Over the next several blog posts, I will discuss various analyses that can be used to identify unusual and potentially fraudulent data from clinical trials. See Buyse at al. for a good summary of clinical trial fraud, including suggestions for statistical methods to help identify unusual data. JMP Clinical 4.1 will include several new analytical processes (APs) to aid statisticians, data managers and monitors in identifying subjects or clinical sites that may require greater scrutiny.
Fraud is difficult to diagnose. Oftentimes, methods to identify problematic values are graphical in nature, where data trends and patterns at a particular clinical site may vary substantially from the remaining sites. These graphs require review, and what qualifies as a “signal” may vary depending on the analyst. Further, while these differences may highlight a potential problem, they can also merely identify sites with important differences in how certain procedures are performed (which, ideally, will be standardized across sites as much as possible), or important differences in the available population of subjects. Worse yet, they can highlight certain deficiencies in the design and data collection of the study itself.
Let’s take a simple example. Patients in clinical trials receive excellent medical care, sometimes with the addition of financial reimbursement. Sometimes the need to maintain this treatment or receive additional financial incentives may cause subjects to re-enroll in the trial at another participating study center. These duplicate-enrolled subjects are problematic. From a statistical perspective, the assumption of independence among study subjects is violated. Not considering this violation has the potential to underestimate the standard error for the effect of treatment. Alternatively, if these errors are identified after the trial has completed enrollment, this can result in a loss of power since a straightforward way to handle duplicated data is to include efficacy data only for the first instance of each subject participating in the trial (resulting in a loss of sample size). Sensitivity analyses may include these duplicated subjects. In any event, the analysis and study reporting becomes much more difficult with the presence of duplicate subjects.
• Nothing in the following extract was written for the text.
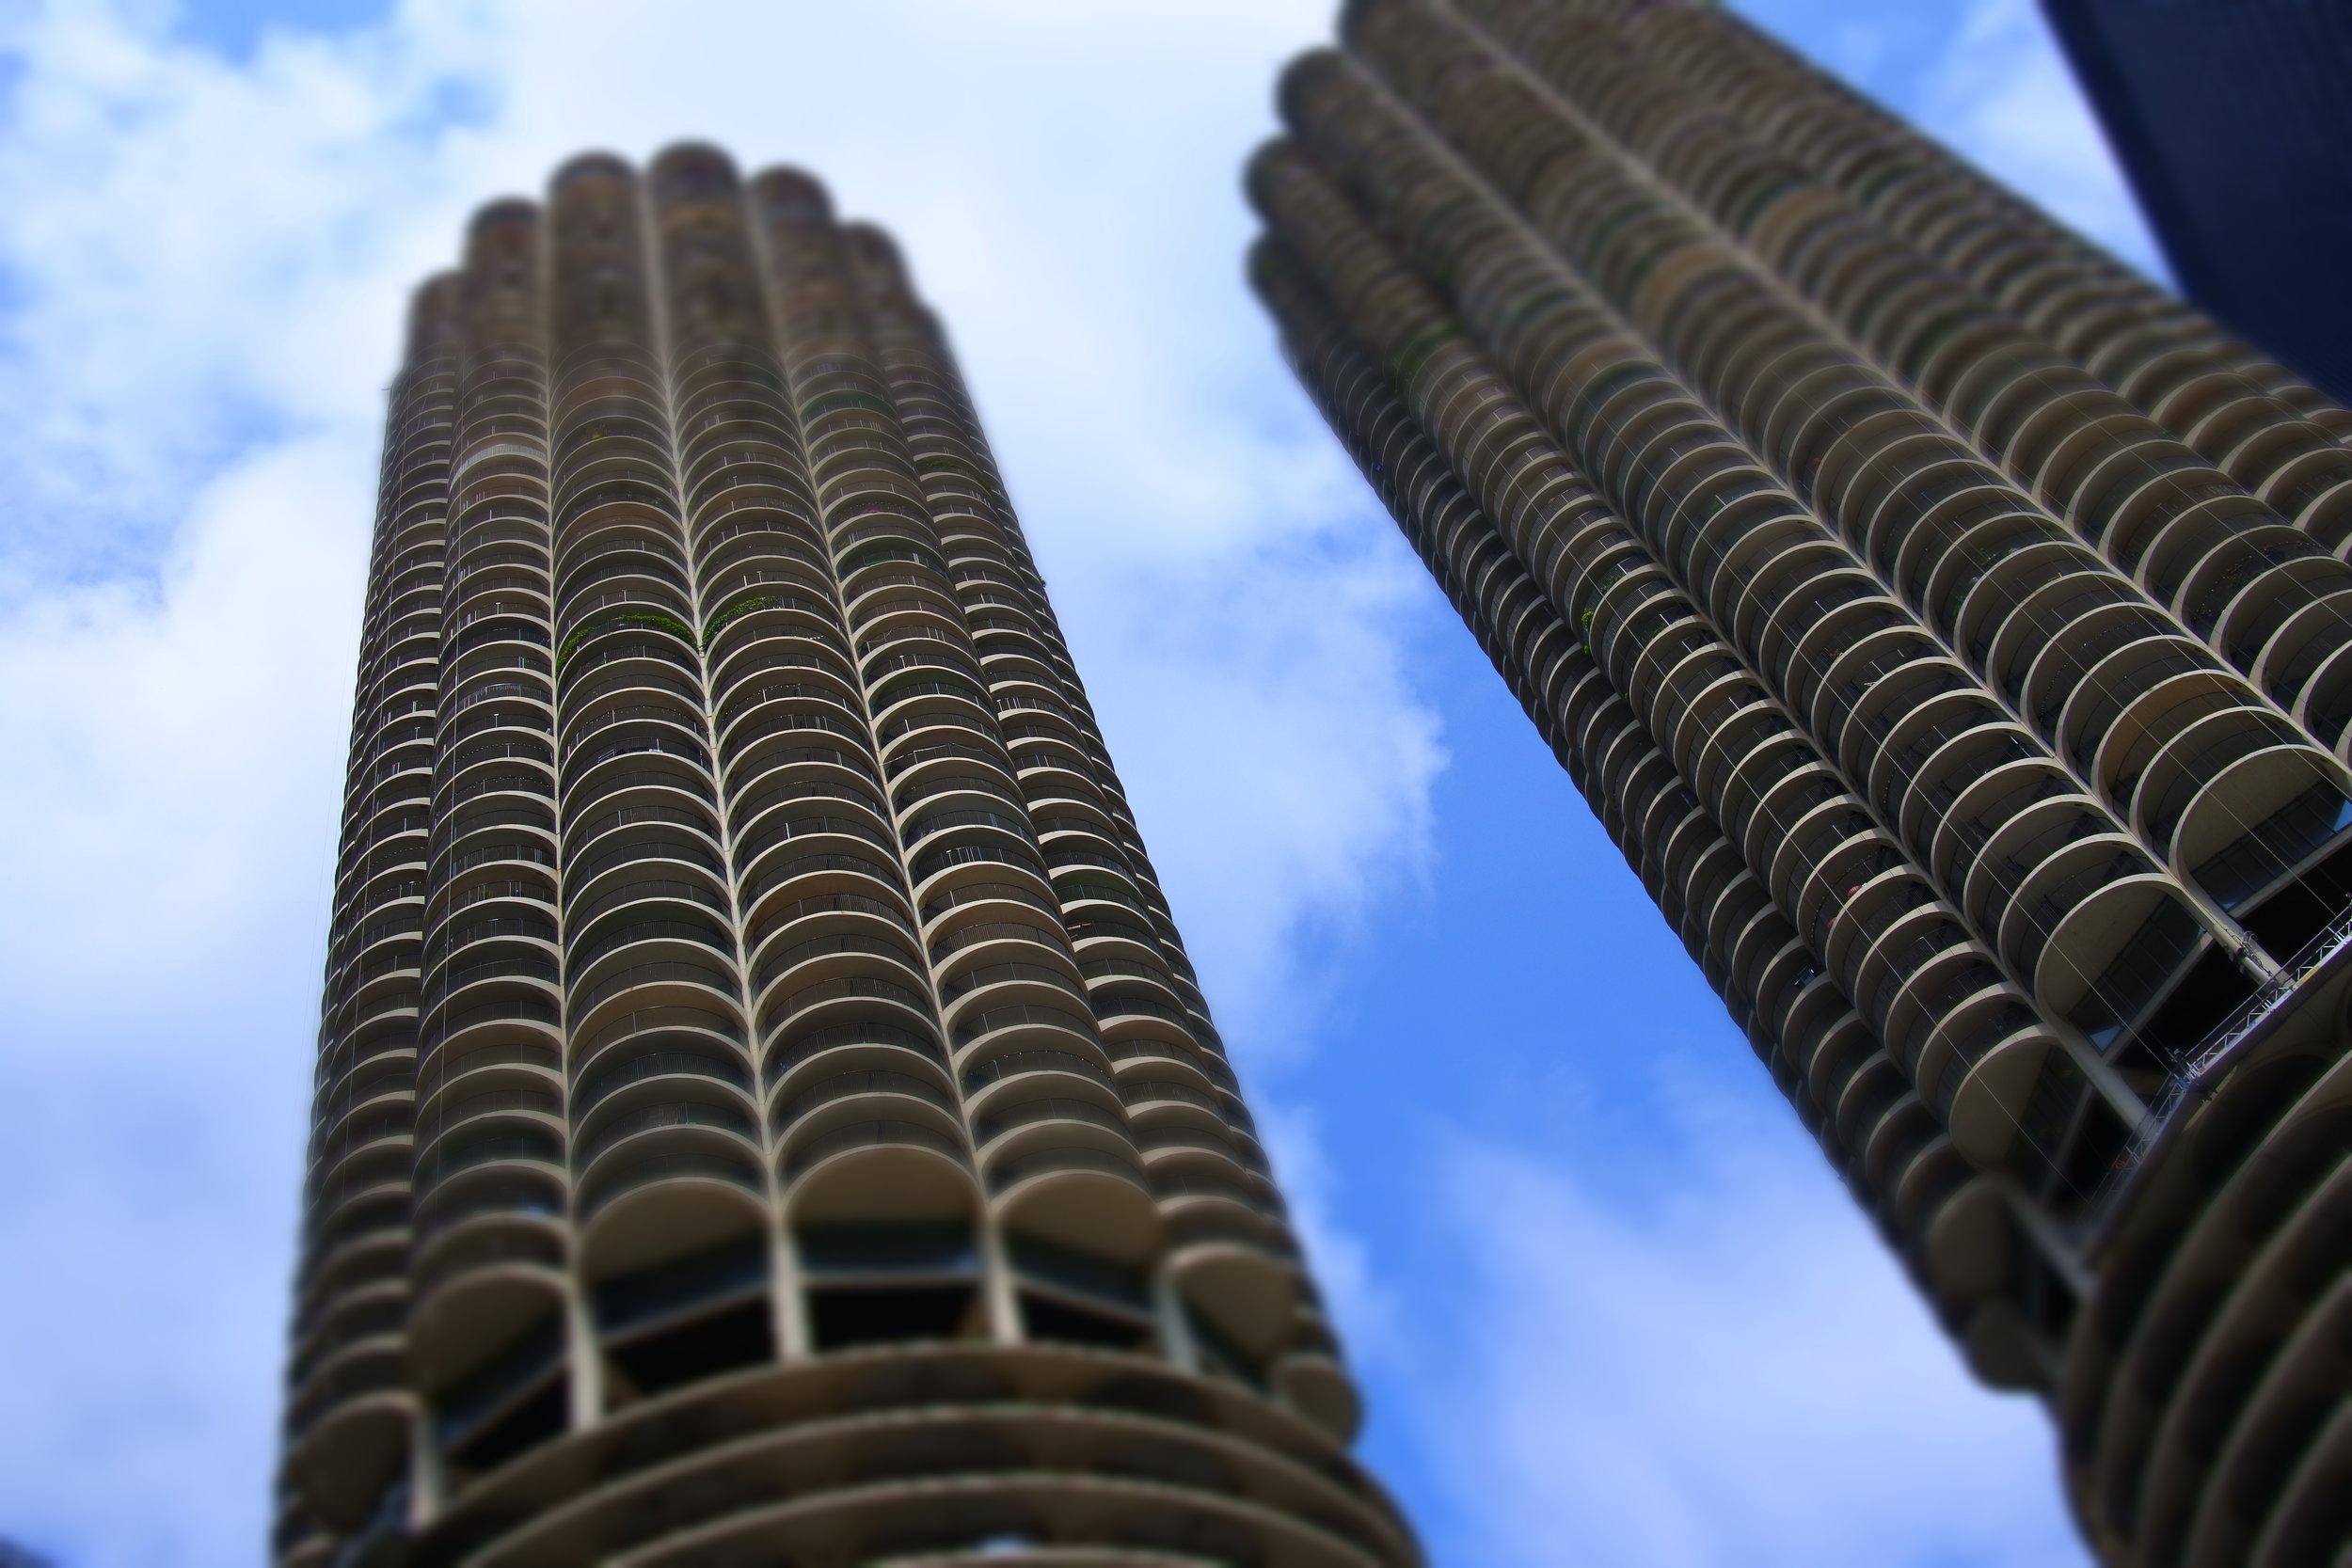 Marina City (aka the Corn Cob Buildings) by architect Bertrand Goldberg.

How is it possible to identify subjects that have participated more than once? Straightforward ways of identifying potential re-enrollers include matching subject IDs by birth date or initials. See Figure 1. This output is from the Birthdays and Initials AP using data from Nicardipine. Subjects are matched either by birth date, with options to allow for windows around a birth date (in case dates are entered into the database incorrectly); or by initials accounting for the possibility that a previously reported middle initial may go unreported at another site. Here, differing sex and race within a match can quickly identify pairs that do not require further attention. If available, JMP Clinical will also summarize ethnicity, height and weight in this table.
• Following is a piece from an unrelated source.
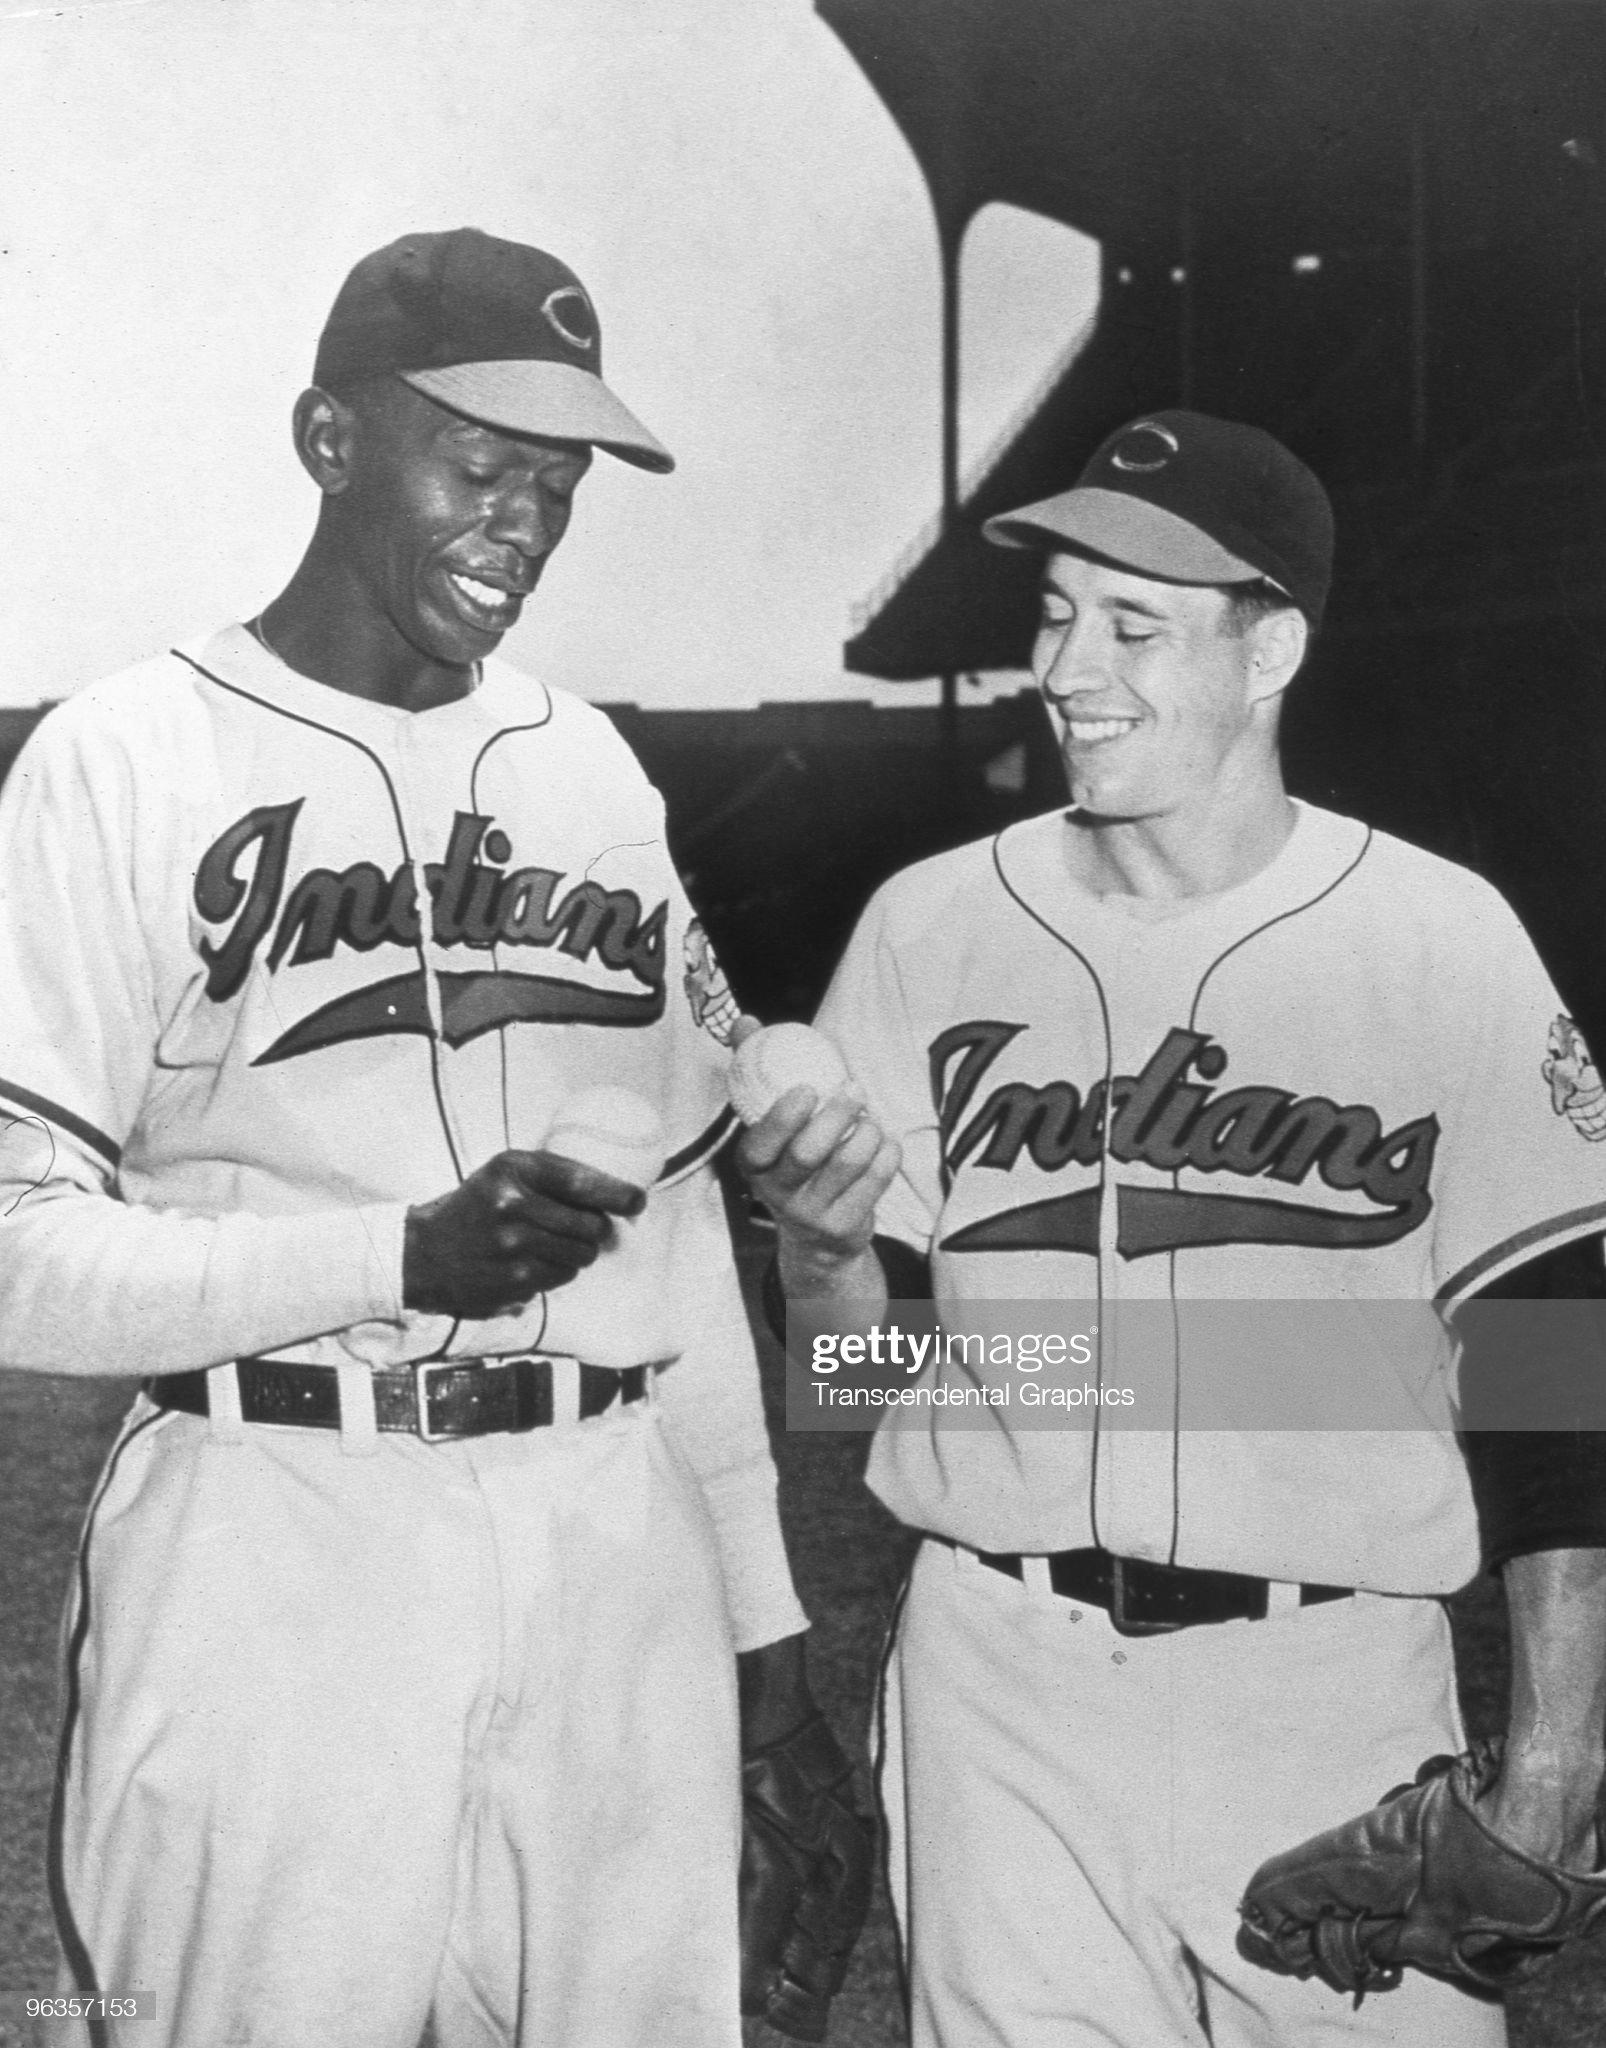 Satchel Paige Bob Feller Comparing Baseballs : News Photo

For example, the first two rows representing 15Apr1915 are likely not the same subject since the gender is different. However, the pair for 28Jul1928 (rows 7 and 8) may require some review. Finally, review the pair of subjects in the last two rows for 18Oct1956. They match on gender and race and are participating at the same site! Reviewing additional data from the DM/ADSL may provide additional clarity by using the Show Subjects drill down. A worse case is that a duplicate CRF was submitted for this subject (possibly just a sloppy error). Another possibility is that twins have enrolled at this site!
As we’ve seen above, identifying matches based on birth dates and initials does have the potential to identify false positives. The famous Birthday Problem states that with 57 people, there is a 99% chance of having at least one pair of subjects with a matching birth date. However, summarizing additional demographic and vital sign characteristics should quickly identify and eliminate these cases.